Hua Xing, Goedert James J, Landi Maria Teresa, Shi Jianxin
Division of Cancer Epidemiology and Genetics, National Cancer Institute, National Institute of Health, Bethesda, Md., USA.
Hum Hered. 2016;81(2):117-126. doi: 10.1159/000448733. Epub 2017 Jan 12.

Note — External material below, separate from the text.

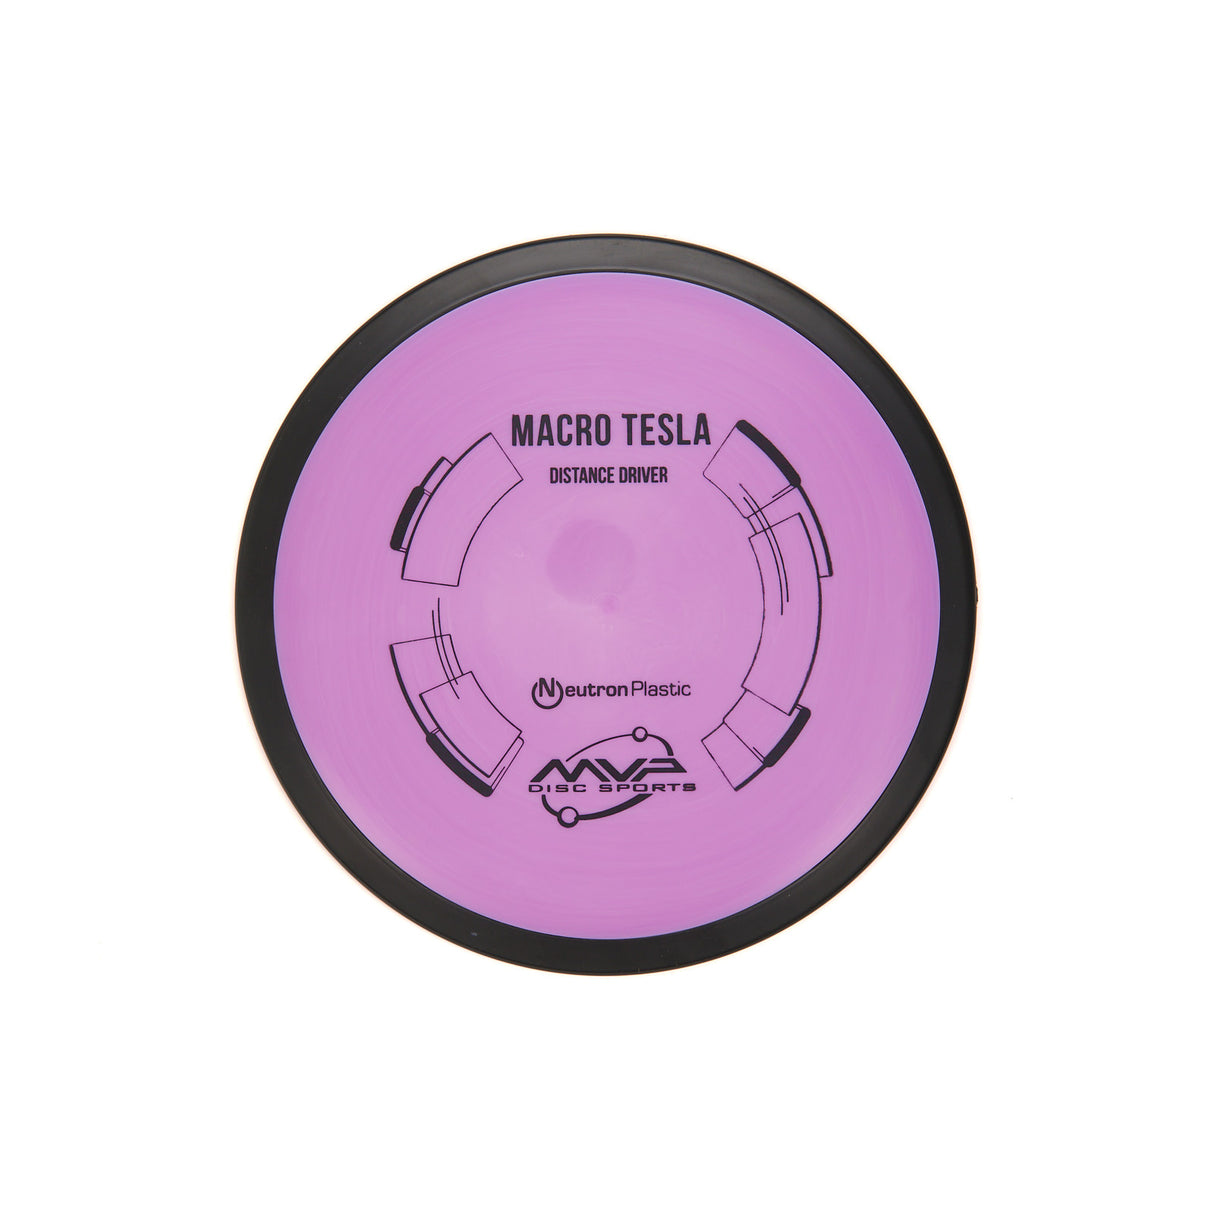 MVP Macro Tesla - Neutron 82g | Style 0013

Host genetics have been recently reported to affect human microbiome composition. We previously developed a statistical framework, microbiomeGWAS, to identify host genetic variants associated with microbiome composition by testing a distance matrix. However, statistical power depends on the choice of a microbiome distance matrix. To achieve more robust statistical power, we aim to extend microbiomeGWAS to test the association with many distance matrices, which are defined based on multilevel taxa abundances and phylogenetic information.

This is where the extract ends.